YOUR INSTRUCTIONS: Filtering the records below, copy only those lines that include the word "thumbnail".

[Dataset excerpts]
------------------------
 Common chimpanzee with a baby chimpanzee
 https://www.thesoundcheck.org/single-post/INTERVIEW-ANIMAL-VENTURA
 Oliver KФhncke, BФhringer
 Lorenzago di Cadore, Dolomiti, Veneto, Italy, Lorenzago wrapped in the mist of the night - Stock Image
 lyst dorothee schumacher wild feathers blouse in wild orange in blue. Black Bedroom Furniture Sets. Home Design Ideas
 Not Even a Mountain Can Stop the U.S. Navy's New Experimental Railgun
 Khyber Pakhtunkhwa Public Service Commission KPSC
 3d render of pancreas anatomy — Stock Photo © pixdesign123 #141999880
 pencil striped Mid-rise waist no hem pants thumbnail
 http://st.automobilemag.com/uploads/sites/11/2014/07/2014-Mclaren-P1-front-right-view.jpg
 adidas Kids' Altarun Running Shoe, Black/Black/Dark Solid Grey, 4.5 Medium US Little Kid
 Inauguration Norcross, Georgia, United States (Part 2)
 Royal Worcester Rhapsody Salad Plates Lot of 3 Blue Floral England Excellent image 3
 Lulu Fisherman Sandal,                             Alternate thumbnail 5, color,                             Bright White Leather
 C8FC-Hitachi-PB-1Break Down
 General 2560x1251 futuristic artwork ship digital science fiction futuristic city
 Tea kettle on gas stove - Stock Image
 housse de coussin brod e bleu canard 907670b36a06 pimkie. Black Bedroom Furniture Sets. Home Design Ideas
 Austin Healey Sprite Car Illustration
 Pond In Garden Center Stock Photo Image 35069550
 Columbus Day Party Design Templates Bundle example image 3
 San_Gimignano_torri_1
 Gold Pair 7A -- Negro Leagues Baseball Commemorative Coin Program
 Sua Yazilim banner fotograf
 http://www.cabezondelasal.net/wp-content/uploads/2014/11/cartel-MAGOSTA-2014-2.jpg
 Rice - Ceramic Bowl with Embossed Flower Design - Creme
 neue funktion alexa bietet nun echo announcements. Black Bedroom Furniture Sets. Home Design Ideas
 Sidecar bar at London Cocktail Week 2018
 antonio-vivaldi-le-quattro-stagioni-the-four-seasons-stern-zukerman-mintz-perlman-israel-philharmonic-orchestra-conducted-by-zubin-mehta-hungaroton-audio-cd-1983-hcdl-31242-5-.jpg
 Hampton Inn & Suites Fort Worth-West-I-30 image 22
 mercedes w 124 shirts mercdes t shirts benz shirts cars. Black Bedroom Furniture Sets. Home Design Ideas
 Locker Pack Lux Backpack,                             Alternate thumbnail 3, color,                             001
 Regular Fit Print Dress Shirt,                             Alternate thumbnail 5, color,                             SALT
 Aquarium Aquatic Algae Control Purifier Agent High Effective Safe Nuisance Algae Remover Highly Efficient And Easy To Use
------------------------
REPLY TO THE EXERCISE:
 pencil striped Mid-rise waist no hem pants thumbnail
 Lulu Fisherman Sandal,                             Alternate thumbnail 5, color,                             Bright White Leather
 Locker Pack Lux Backpack,                             Alternate thumbnail 3, color,                             001
 Regular Fit Print Dress Shirt,                             Alternate thumbnail 5, color,                             SALT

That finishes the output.